And another week, complete with server crap-outs and other work-time chaos, although the Christmas long weekend was nice. And quiet – I like quiet.

This week’s instalment of the Extreme Pantser’s Guide is a pantser perspective on building towards the climax of a book. As usual, I haven’t changed anything, so take it as read any observations are about 3 years out of date – if not more.

The Pantser Body of Knowledge: Building to the Big One

So, you’ve successfully navigated the treacherous, kudzu-infested legs of the middle of the pants, and you can see light at the end of your leg. You can feel the big one coming, and you’re taking the deep breaths before you run the marathon that’s the final part of your story. How do you handle it?

Well, if you’re me, you write like a madwoman on speed and do nothing but write and think about what you’ll be writing next until you’ve got that last part of your story done (usually it’s a sequence that takes about the last quarter of a novel, including buildup, climax, and wrapup). I’ve written simple end sequences and complex ones – for Impaler the end sequence started with Constantinople, and it all had its own momentum there. Of course, that book actually had two climax/resolution sets: the military one (which happened first) and the personal one. It was possibly a little too ambitious for my skills at the time, but we’ll see. The sequel is likely to be even more complex that way.

Back to the topic… To write the final sequence for ConVent was pretty simple. It flowed. ConSensual took more work. For that I have a spreadsheet with what the various groups and specific characters were doing at each phase of the sequence, so that my main character could observe the right things. Even then, I still managed to forget someone and badly miscue something – that will be part of the editing that’s going to be starting soon. End sequences vary a lot.

Every end sequence has three broad phases: the buildup, the climax, and the wrapup or resolution. Where the buildup ends and the climax begins can be a bit difficult to tell: sometimes the two have a lot of overlap. Resolution and wrapping up is a lot easier to distinguish – but more on that in another post.

So… the buildup part of the end sequence. This is where everything is coming to the site of the final battle, your hero and villain are positioning themselves for the final battle, and you’re – hopefully – building the tension to where something has to give, soon.

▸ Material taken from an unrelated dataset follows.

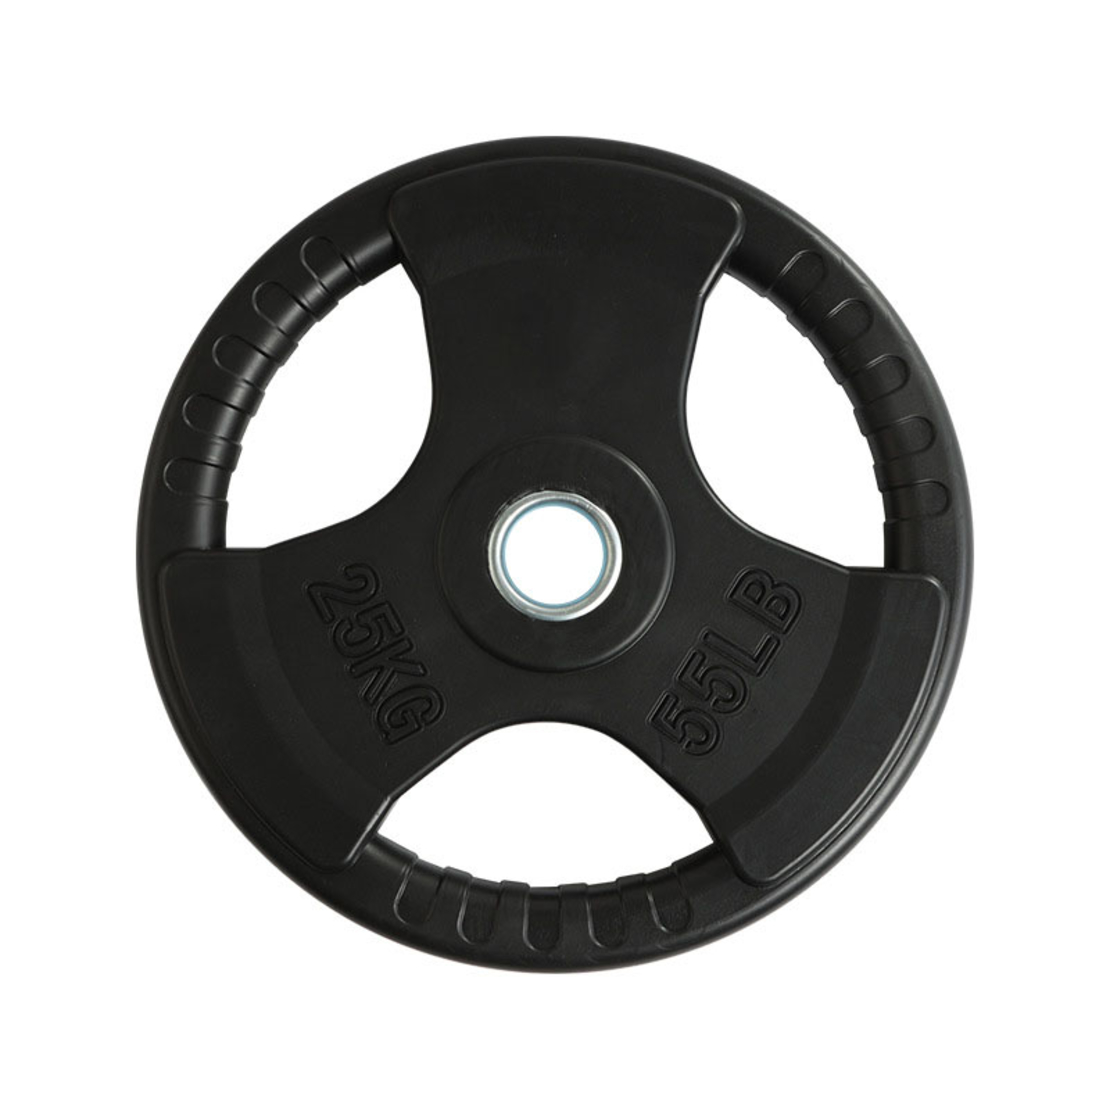  weight plate 5 kg

Things are at their blackest for your hero, and it should look as though the villain will win. To take an example from the movies, this is the sequence from the arrival at the rebel base, through the start of the attack on the Death Star, up to when the Death Star is preparing to destroy the rebel base, the rebels trying to take down the Death Star have been mostly picked off and exterminated, and Darth Vader’s TIE is about to blow Luke to pieces. (The actual climactic sequence of this movie is quite short – but others would place the entire battle as the climactic sequence).

I should point out that the blur-over between buildup and climactic sequence is such that you can talk to a dozen authors and get twenty opinions on it… so don’t take this as gospel. It’s just my take.

The starting point of the buildup is a fairly slow point, pace wise, and an emotionally neutral or hopeful one – that is, your heroes know they have a big task ahead of them, but they think it can be done. At this point, you, the extreme pantser, must know what the climax and resolution look like. It doesn’t do you any good to climb the mountain if it’s the wrong mountain. I often find myself delaying at this point of a book while I sort out mentally what’s going to happen in the final part of the story.

Some of the things you need to know: what form the confrontation between hero and villain (or hero and obstacle) is going to take. Is it a one-on-one confrontation, a mega battle of armies, some combination of individual and group, will it involve combat at all? Is the climax primarily physical action, primarily psychological, or somewhere between? Who changes, and how? And that’s before you cover the mechanics of the sequence.

For a detailed example, I’m going to use something I’m familiar enough with not to forget something critical, and that’s been out long enough that hopefully enough readers here know it – my first novel, Impaler. I’ll follow that example through the climax and resolution sequences.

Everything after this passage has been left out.